Dataset excerpts:

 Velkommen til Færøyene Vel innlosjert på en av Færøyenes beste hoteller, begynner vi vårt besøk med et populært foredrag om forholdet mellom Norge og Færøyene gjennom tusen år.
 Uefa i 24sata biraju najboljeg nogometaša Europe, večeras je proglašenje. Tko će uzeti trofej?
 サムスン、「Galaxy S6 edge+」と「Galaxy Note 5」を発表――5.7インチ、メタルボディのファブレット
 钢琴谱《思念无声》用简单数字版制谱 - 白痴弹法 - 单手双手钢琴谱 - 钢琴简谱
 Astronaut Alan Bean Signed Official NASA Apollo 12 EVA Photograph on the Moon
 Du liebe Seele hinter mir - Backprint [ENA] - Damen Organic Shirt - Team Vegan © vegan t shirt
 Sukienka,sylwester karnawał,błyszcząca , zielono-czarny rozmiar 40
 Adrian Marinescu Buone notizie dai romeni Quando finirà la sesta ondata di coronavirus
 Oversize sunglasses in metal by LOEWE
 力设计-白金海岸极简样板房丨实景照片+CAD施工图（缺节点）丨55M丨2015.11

§ **Instructions to follow**
When you answer, output each line of the data exactly as given, from its first line up to and including the one with "Uefa i 24sata".

§ **Output**
 Velkommen til Færøyene Vel innlosjert på en av Færøyenes beste hoteller, begynner vi vårt besøk med et populært foredrag om forholdet mellom Norge og Færøyene gjennom tusen år.
 Uefa i 24sata biraju najboljeg nogometaša Europe, večeras je proglašenje. Tko će uzeti trofej?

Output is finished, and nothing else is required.